▸ Your task
Without the pictures, output the lines of the material from the very first through the one that holds "GXt278 Yozu Notebook Cooling Stand".

▸ Given data

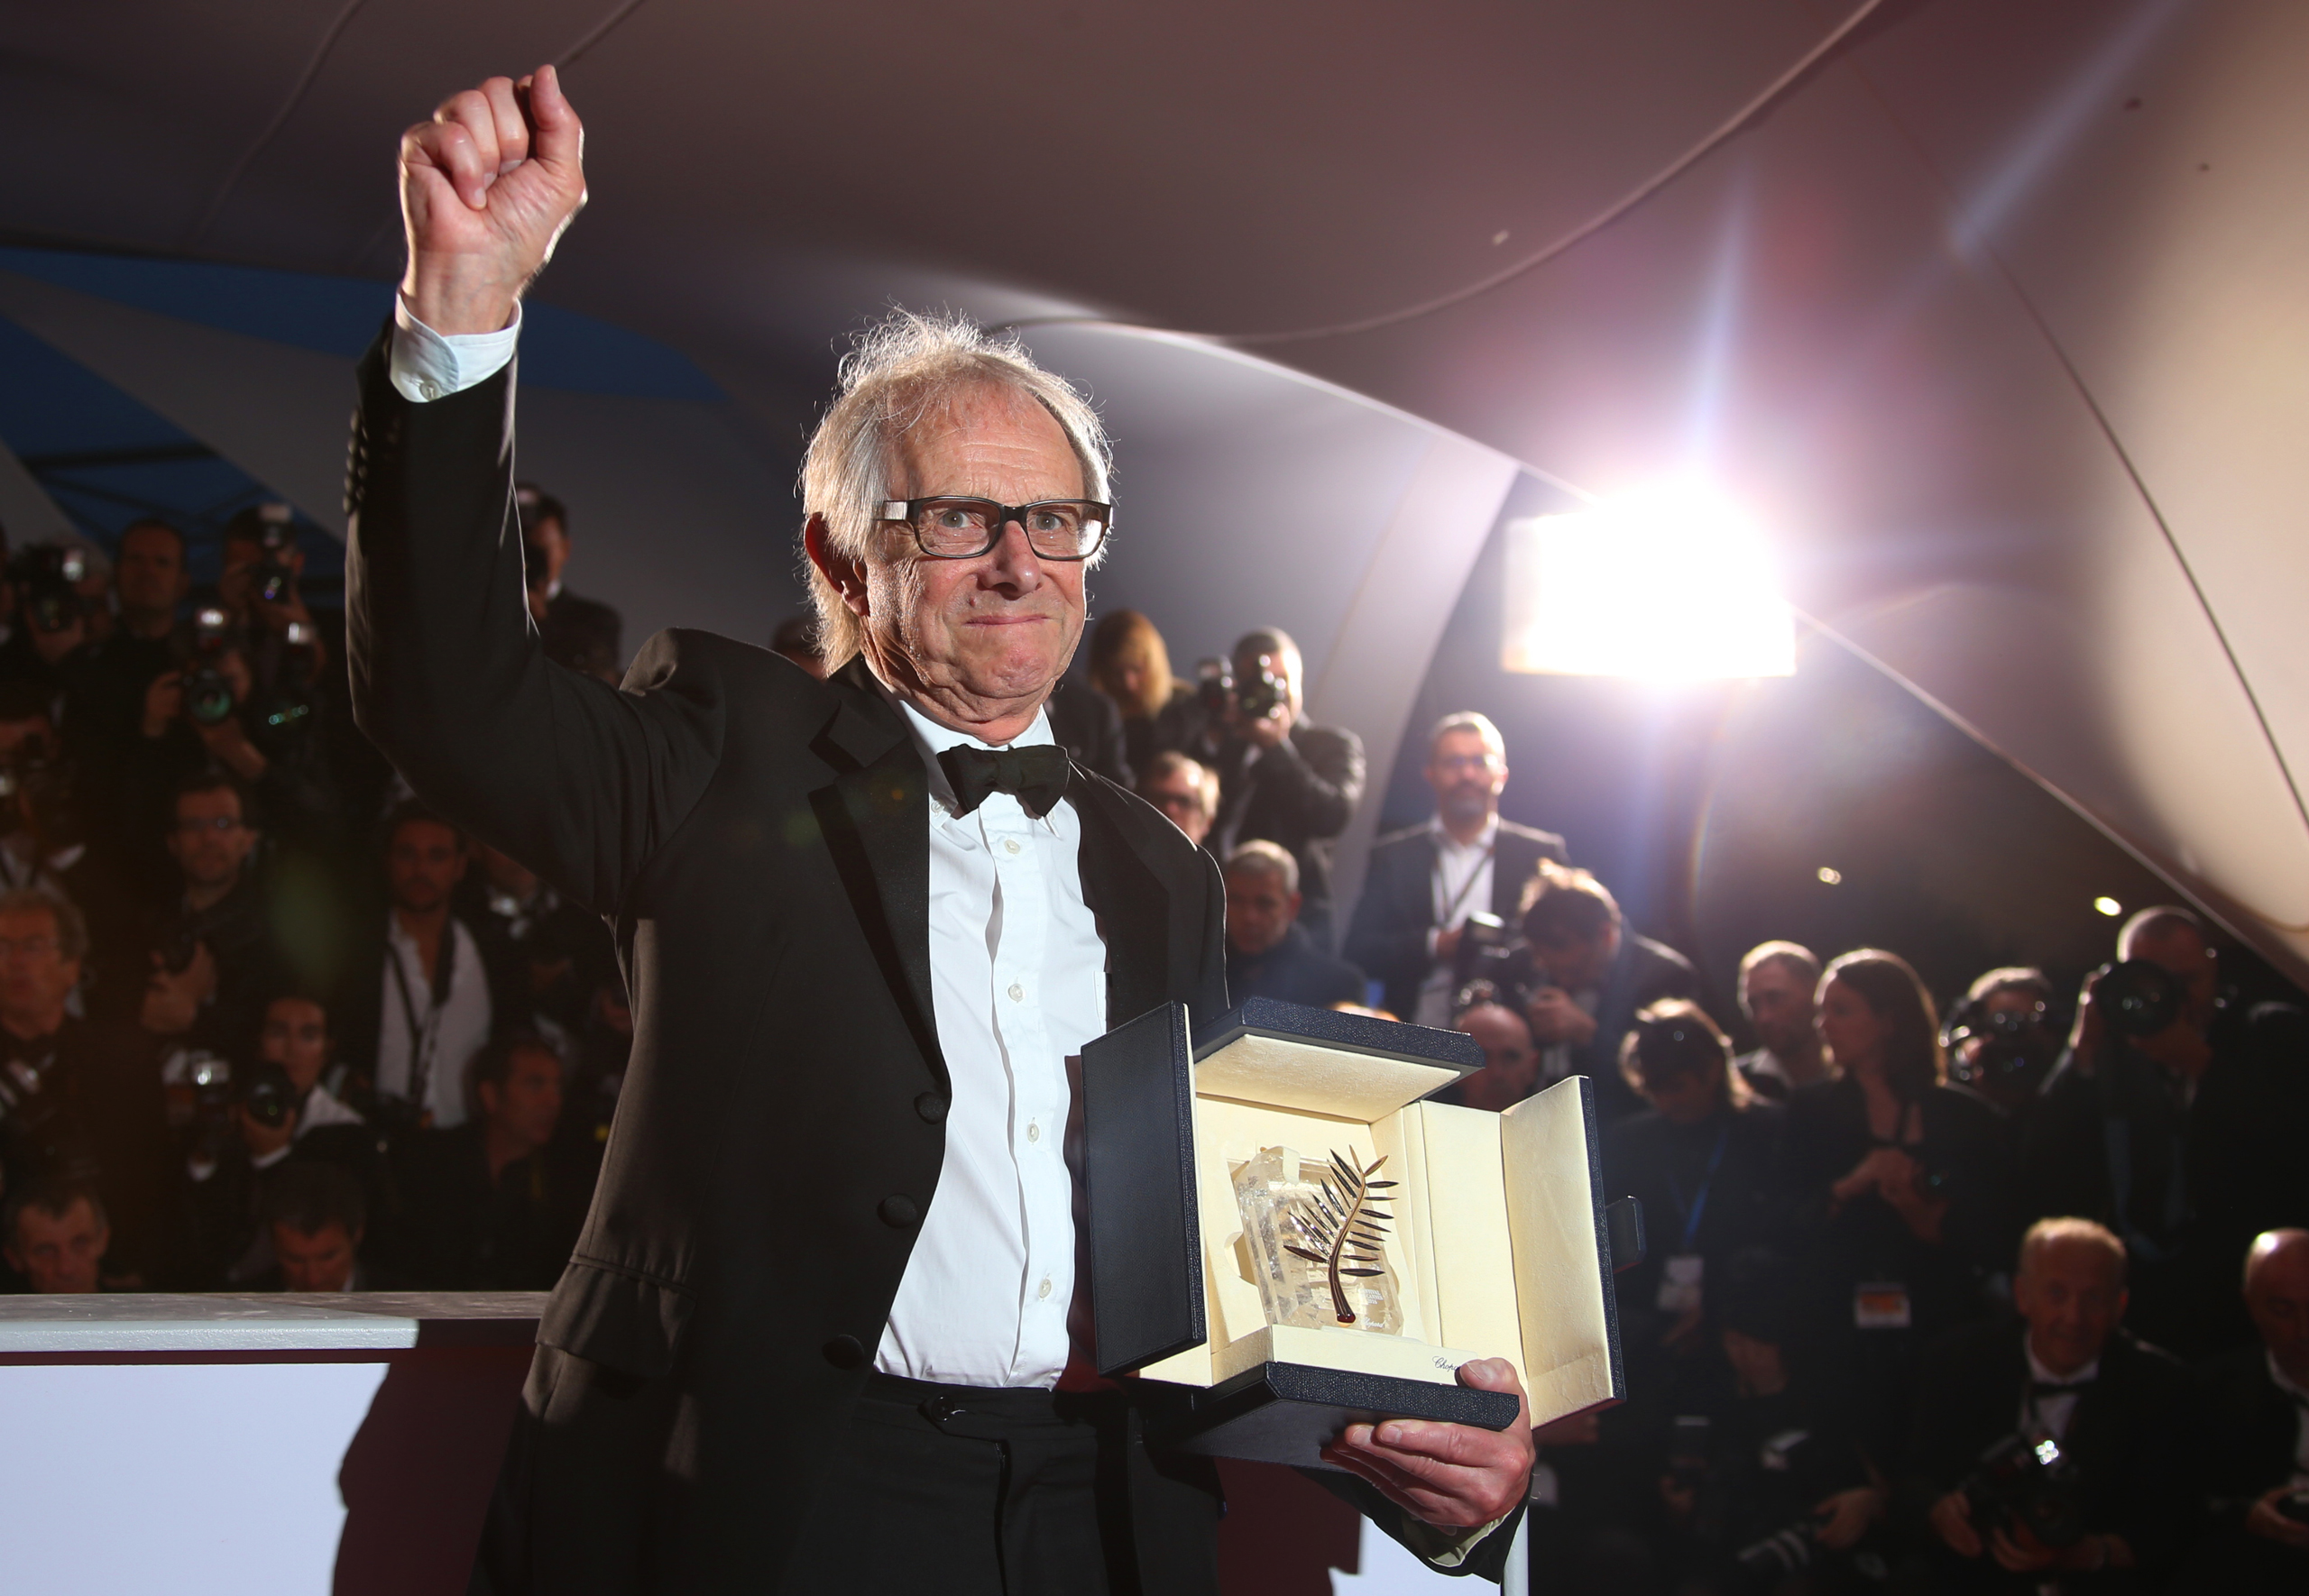 Director Ken Loach poses for photographers with the Palme d'Or for his film I, Daniel Blake during the photo call following the awards ceremony at the 69th international film festival, Cannes, France, on May 22, 2016. (Joel Ryan—AP)
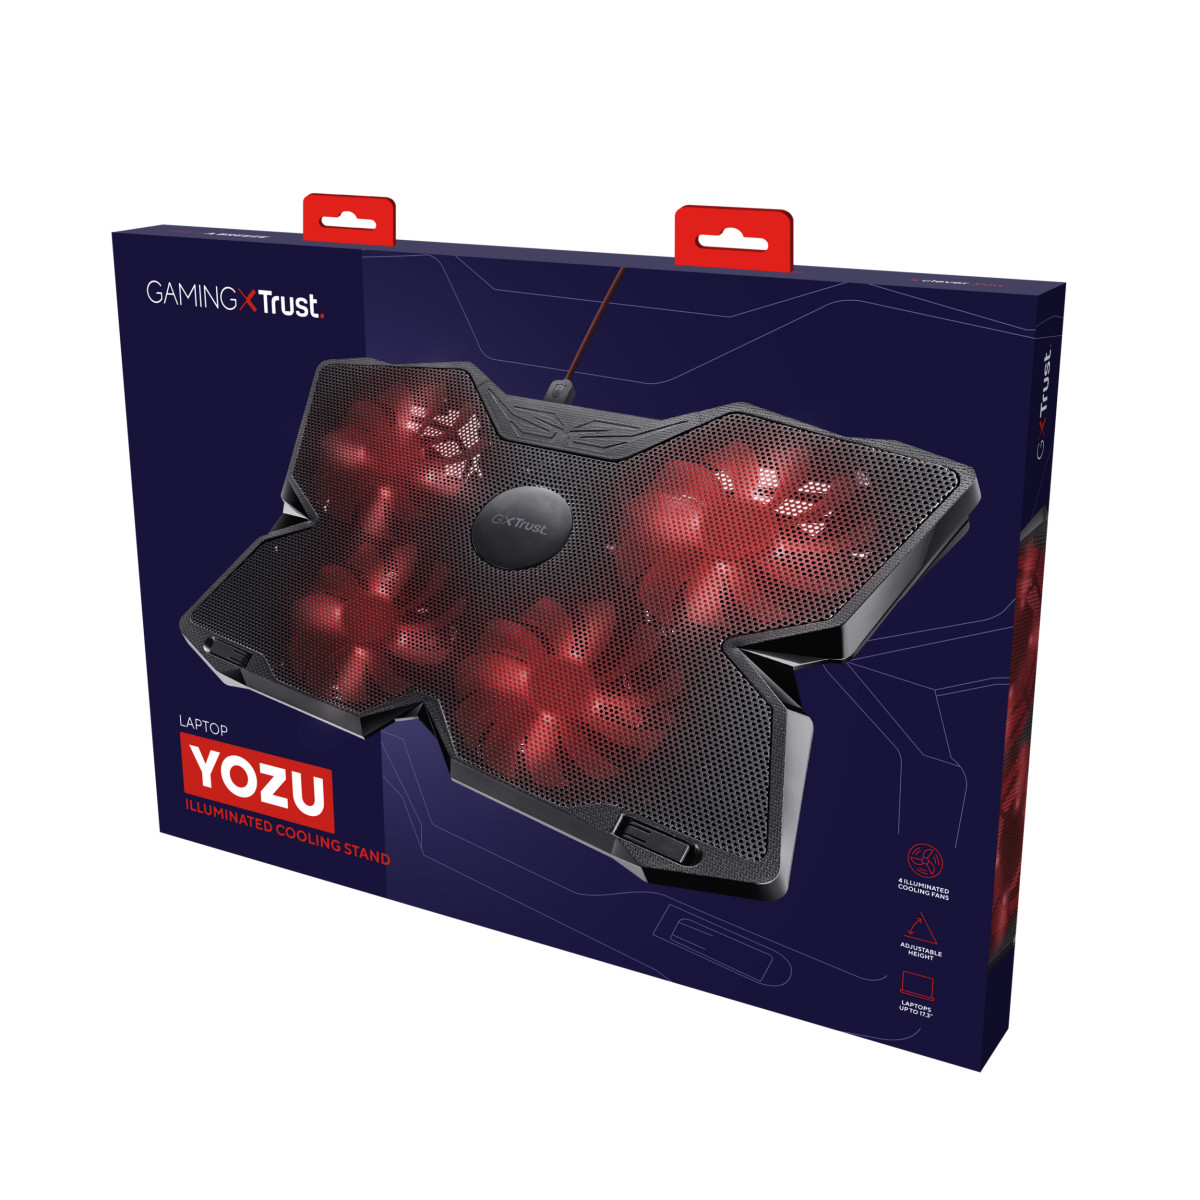 GXt278 Yozu Notebook Cooling Stand
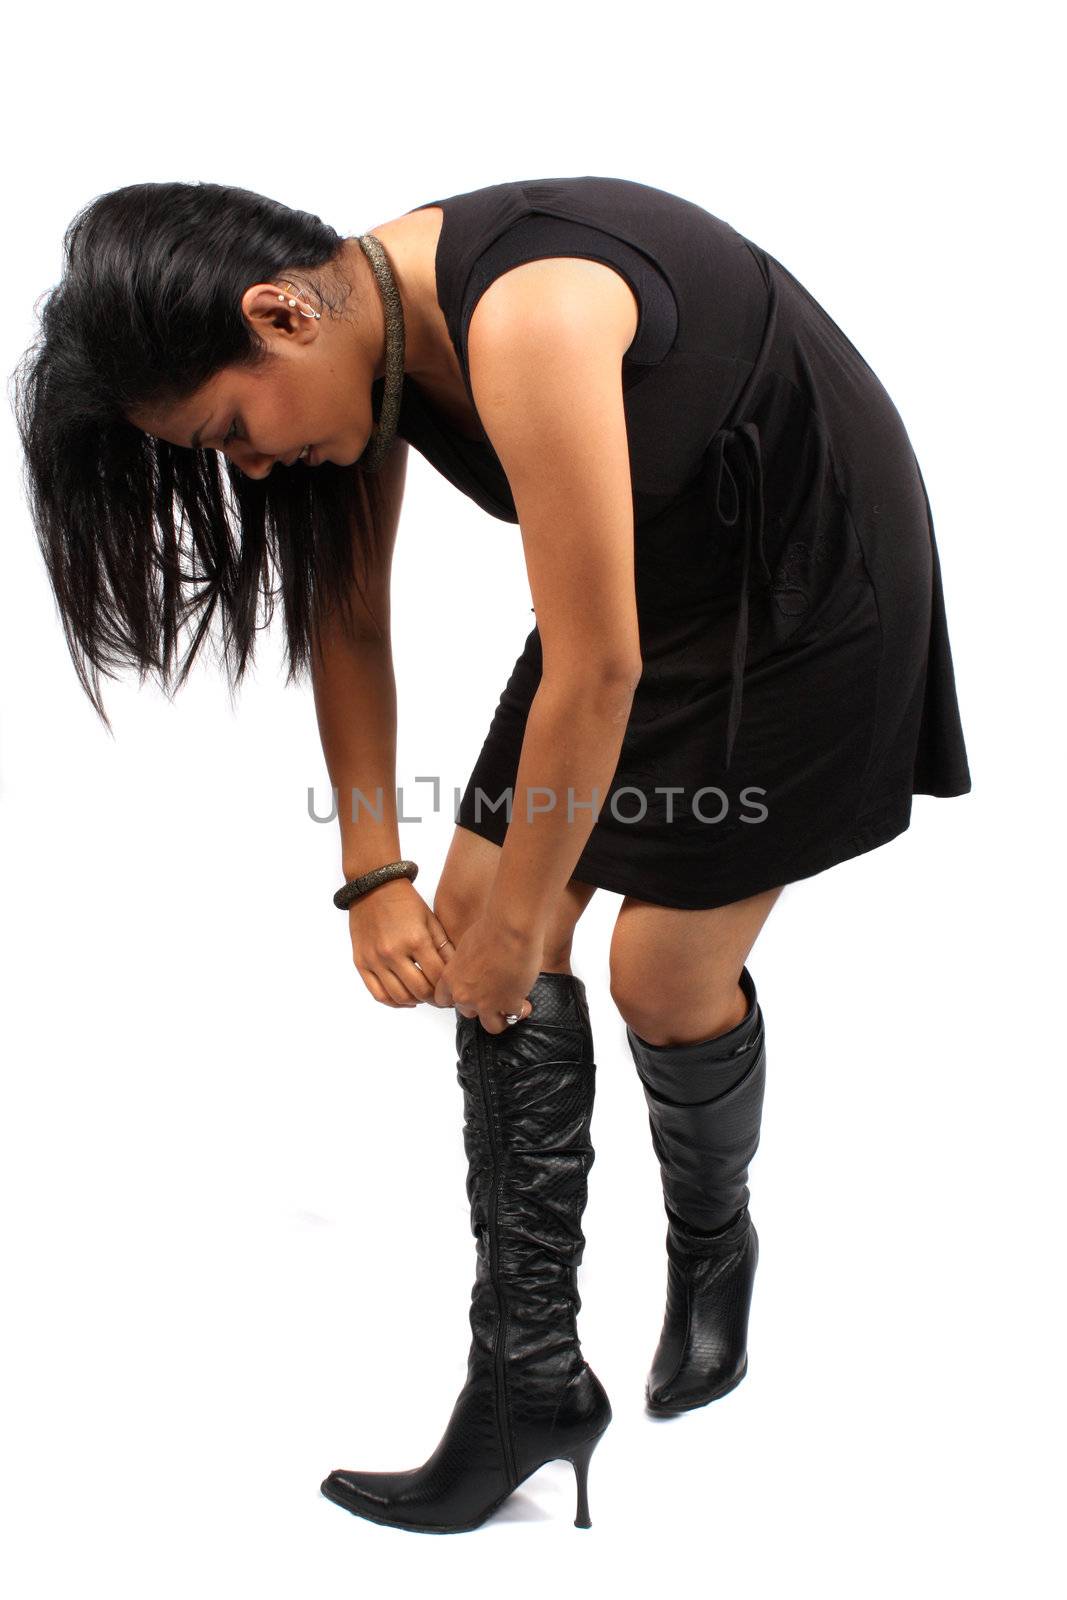 An Indian model wearing fashionable boots, on white studio background.
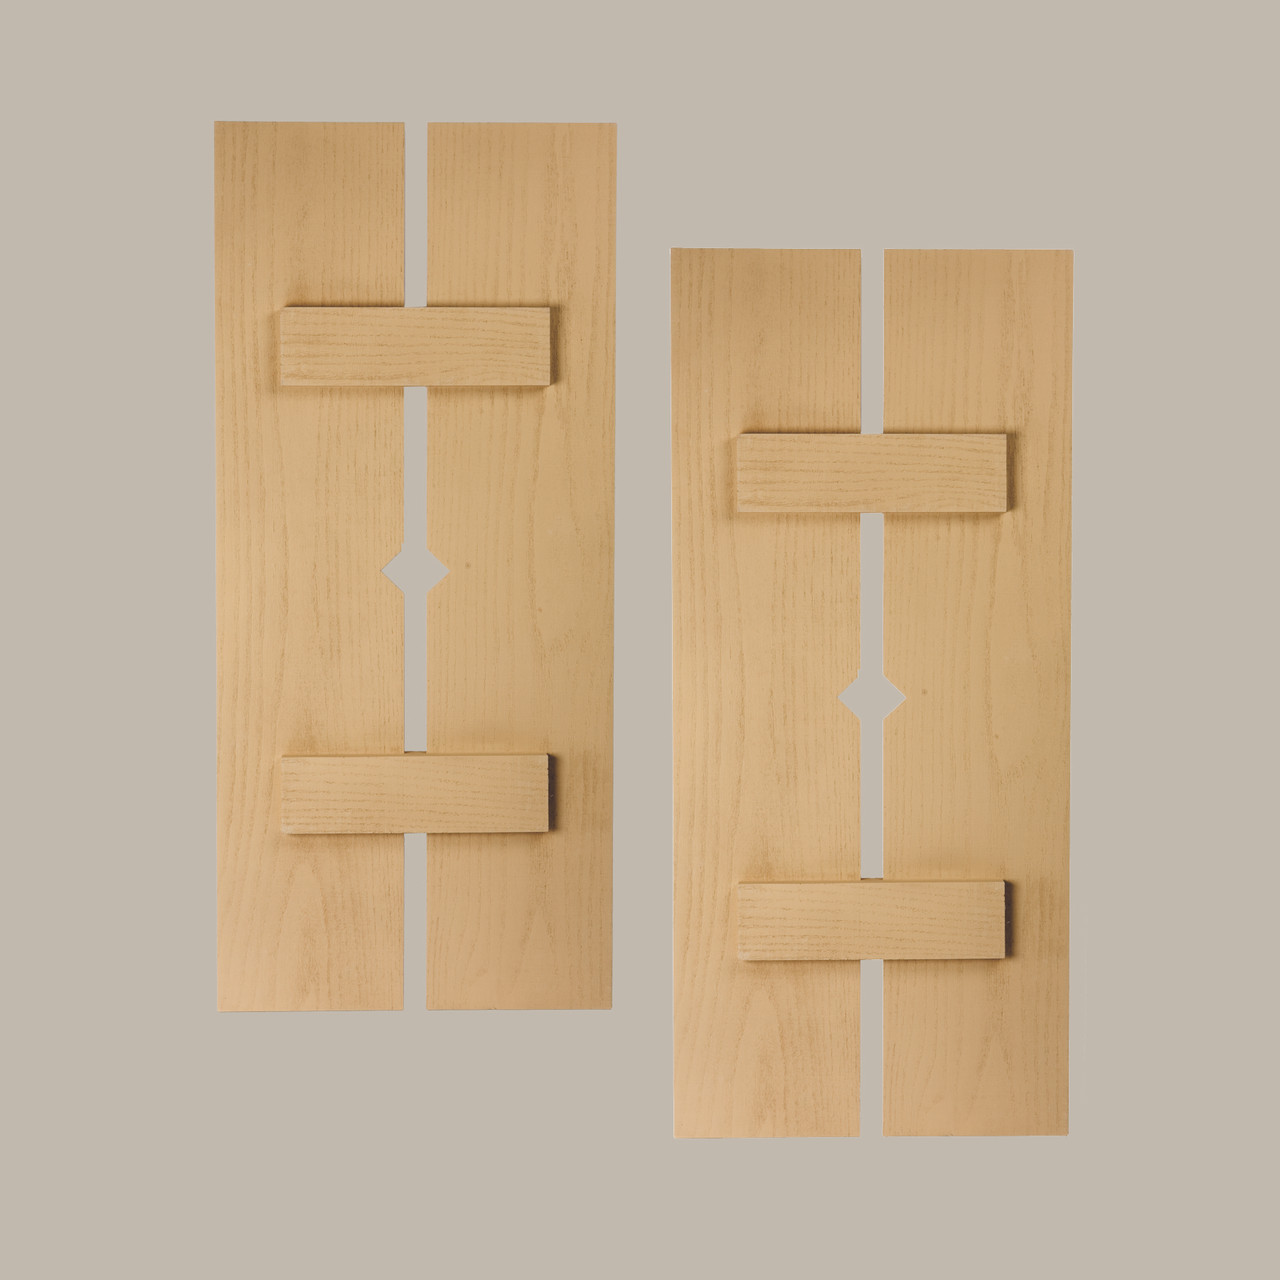 12 inch by 32 inch Plank Shutter with 2-Plank, Diamond

▸ Answer box
 Director Ken Loach poses for photographers with the Palme d'Or for his film I, Daniel Blake during the photo call following the awards ceremony at the 69th international film festival, Cannes, France, on May 22, 2016. (Joel Ryan—AP)
 GXt278 Yozu Notebook Cooling Stand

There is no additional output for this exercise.